As fotos acima são de um pote com farinha de mandioca, invenção dos índios, assimilada por nós e pelos africanos que, a partir do século XVI, comerciavam com Portugal e Brasil. É que desde este tempo, a farinha de mandioca foi exportada do Brasil para a África e lá ficou conhecida também como farinha de guerra, pois, por ser fácil de conservar e transportar, podia ser usada como alimento em guerras.

Notas:
1 – PORRO, Antônio. História Indígena do Alto e Médio Amazonas – Séculos XVI a XVIII. In CUNHA, Manuela Carneiro da (org.) HISTÓRIA DOS ÍNDIOS NO BRASIL. São Paulo, Companhia das Letras: Secretaria Municipal de Cultura: FAPESP, 2ª edição, 2002, p. 182. Há registro também de que índios capturavam e aprisionavam outros índios como escravos em DANTAS (Beatriz G. et all. Os povos indígenas no nordeste brasileiro Um esboço histórico. In CUNHA, obra citada, p. 436).
2 – CLASTRES, Pierre. A sociedade contra o Estado. Tradução de Theo Santiago. São Paulo, Cosac & Naify, 2003, pp. 51 e 87.
3 – Este documento, a carta de Caminha, as cartas de Américo Vespúcio, a certidão de Fernandes e a Crônica de Damião de Góis se encontram em AMADO, Janaína e FIGUEIREDO, Luís. Brasil 1500: quarenta documentos. Brasília, Editora UNB, São Paulo, IOESP, 2001.
4 – FAUSTO, Carlos. Fragmentos de História e Cultura Tupinambá Da etnologia como instrumento crítico de conhecimento etno-histórico. In CUNHA, Manuela Carneiro da (org.) HISTÓRIA DOS ÍNDIOS NO BRASIL. São Paulo, Companhia das Letras: Secretaria Municipal de Cultura: FAPESP, 2ª edição, 2002), p. 387.
5 - TEIXEIRA-PINTO, Márnio. Ieipari – Sacrifício e Vida Social entre os Índios Arara (Caribe). São Paulo, Editora Hucitec Anpocs, UFPR, 1997 , pp. 114-115.

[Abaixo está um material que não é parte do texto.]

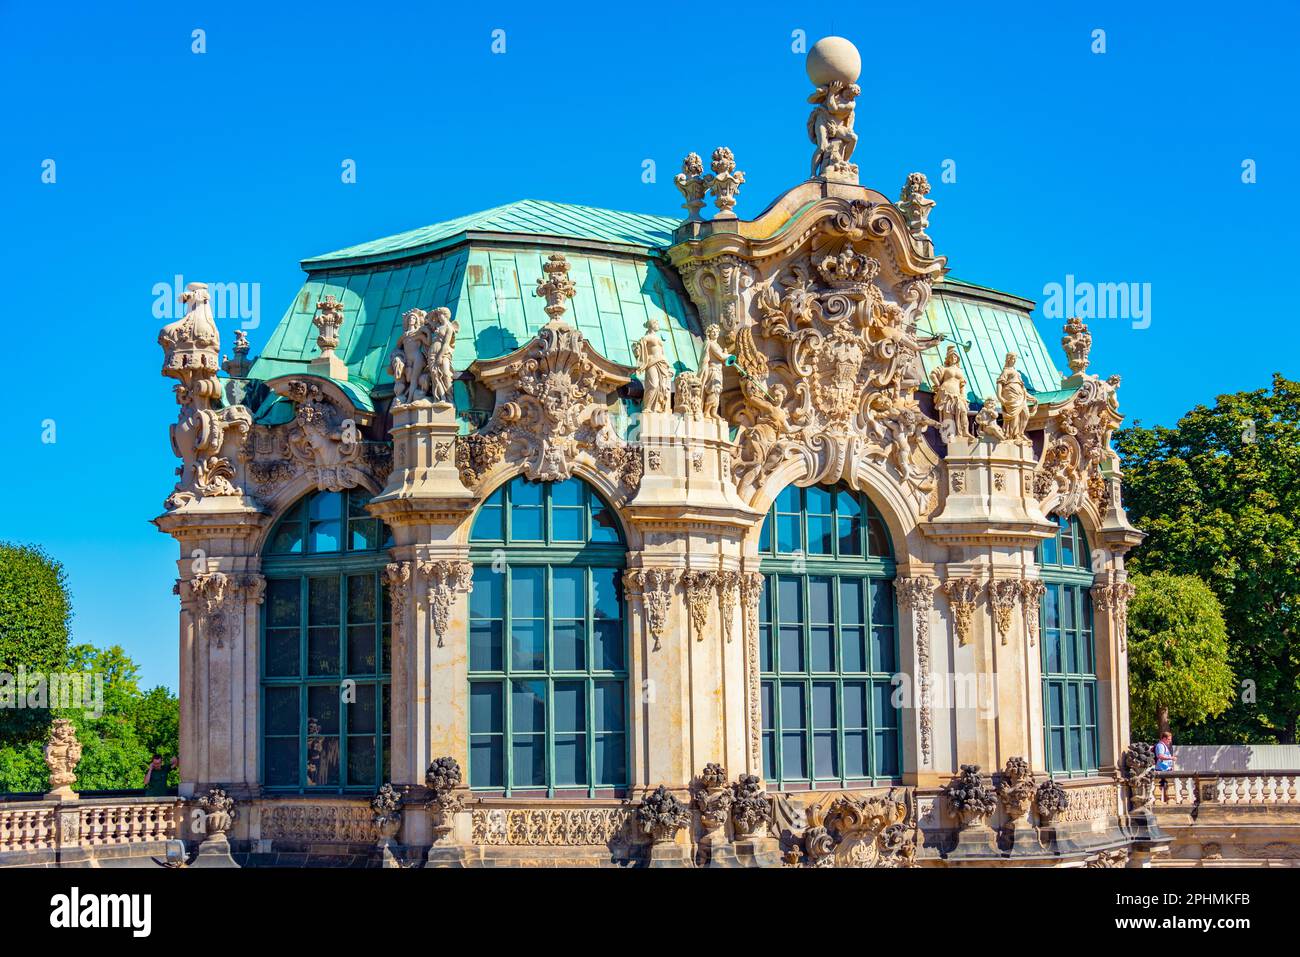 Ornaments and decoration of Zwinger palace in Dresden, Germany. Stock Photo
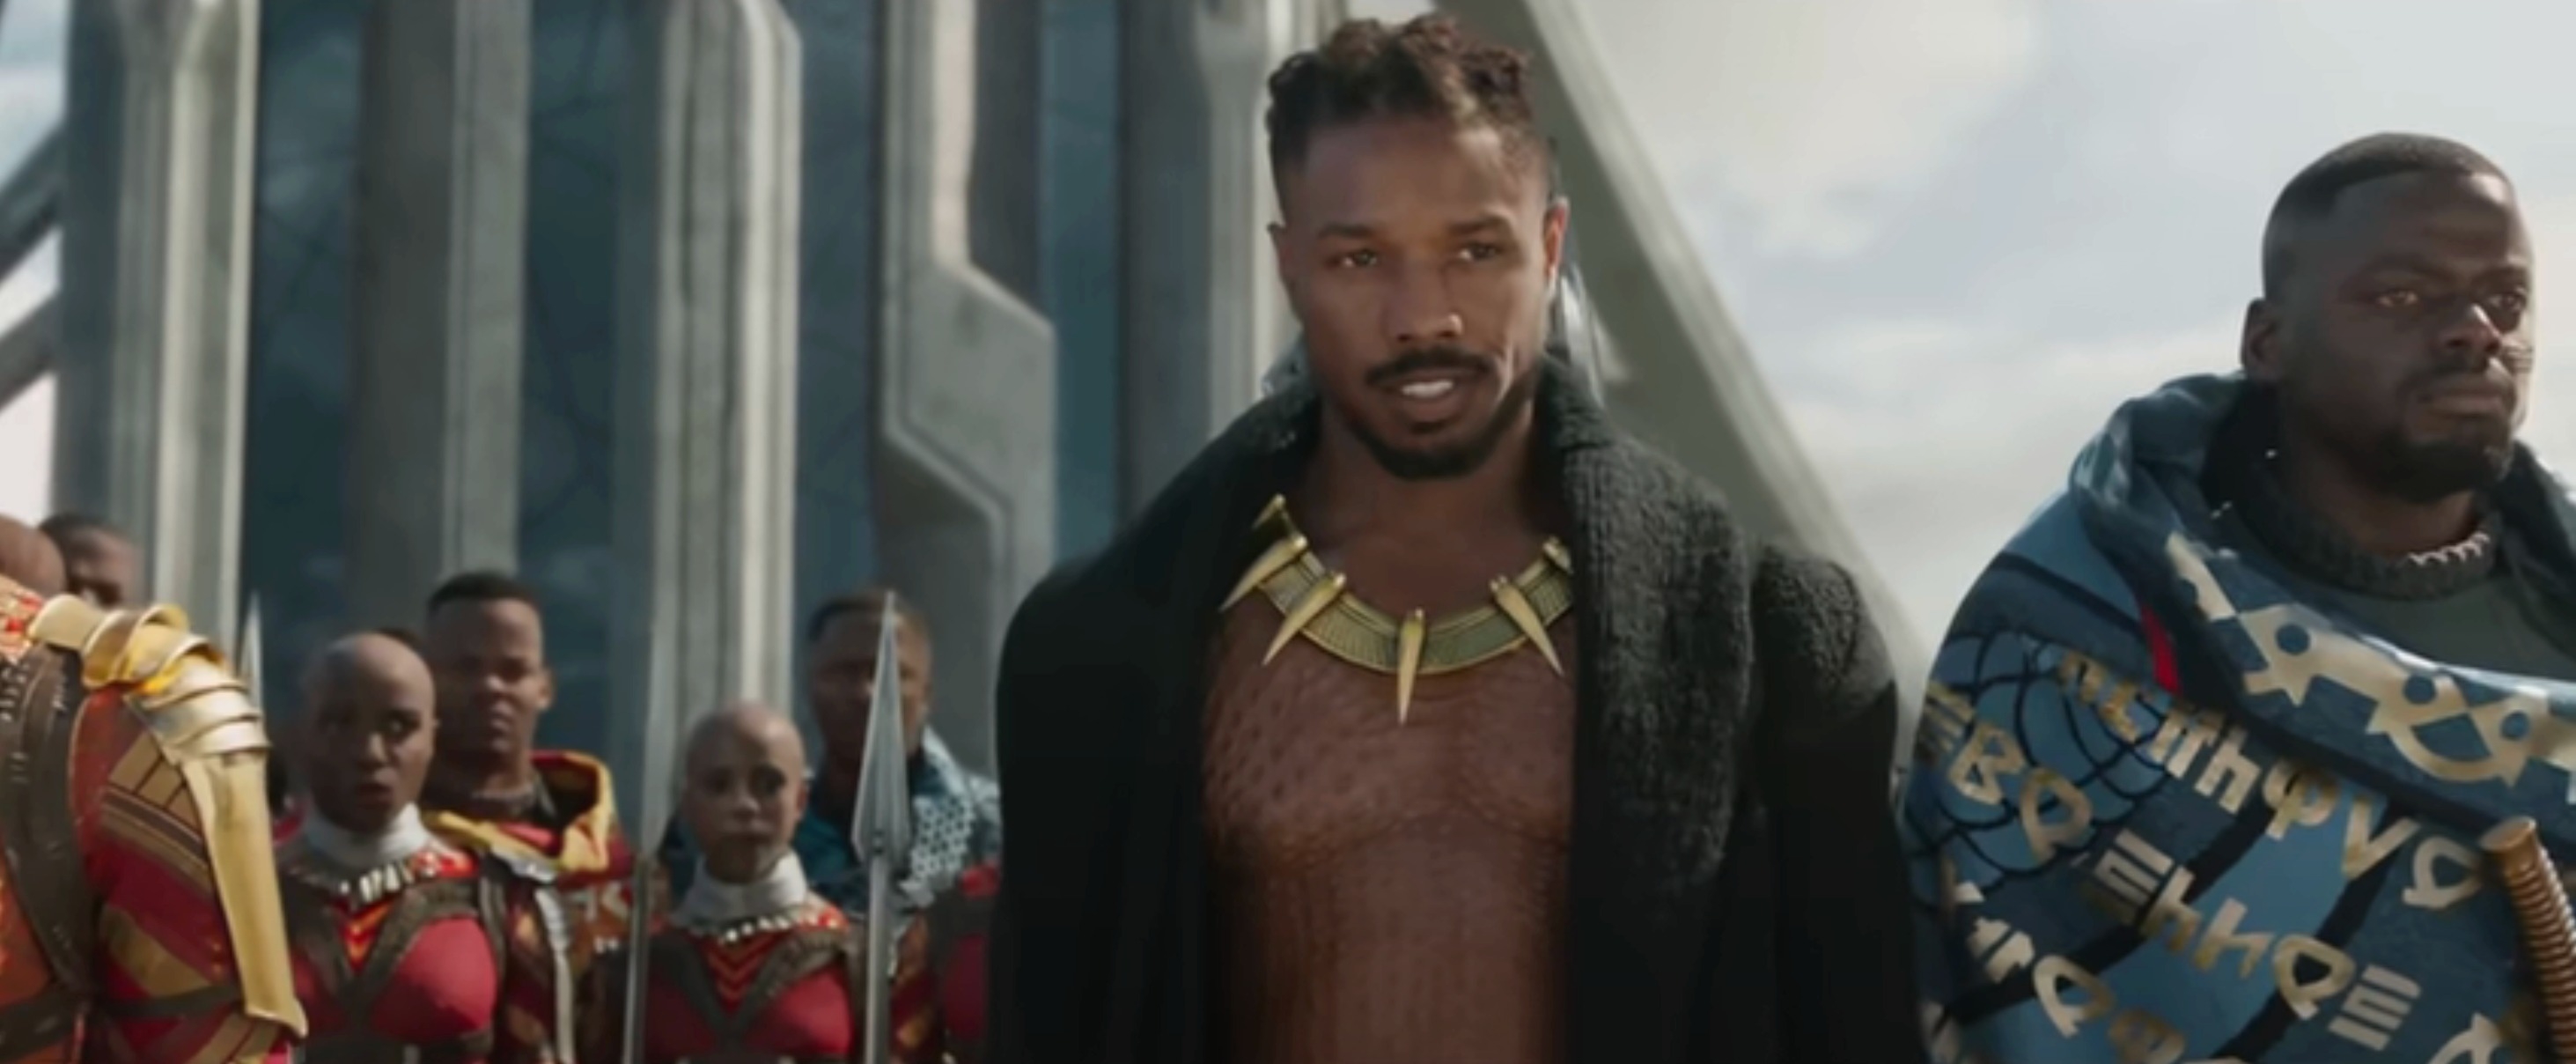 Michael as Kilmonger, wearing an open coat and Wakandan necklace, surrounded by guards

quinta-feira, 6 de maio de 2010

O PODER E AS REGRAS OBRIGATÓRIAS ENTRE OS ÍNDIOS 4





O Xamã
A chefia de uma sociedade indígena pode ser exercida pelo xamã (pajé ou caraíba) ou haver um chefe político (morubixaba) e o xamã, que é o chefe religioso. O xamã é respeitado, admirado e temido, pois só ele possui poderes sobrenaturais, só ele pode dominar o perigoso mundo dos espíritos e dos mortos. O xamã tem seus deveres, como, por exemplo, prestar atenção ao seu trabalho, dançar sozinho, não ter relações sexuais com mulheres quando exerce seu trabalho e nunca esquecer seu fumo (1). Entre os índios Arara, o xamã é um misto de curador, ministro de negócios das relações exteriores e gestor da base política da sociedade, fabricando as condições e controlando o funcionamento da vida social (2).
As fotos acima são de uma rede de dormir ou descansar. Os índios a inventaram é nos as usamos até hoje.

Notas:
1 – CLASTRES, Pierre. A sociedade contra o Estado. Tradução de Theo Santiago. São Paulo, Cosac & Naify, 2003, pp. 159-160, 161-162.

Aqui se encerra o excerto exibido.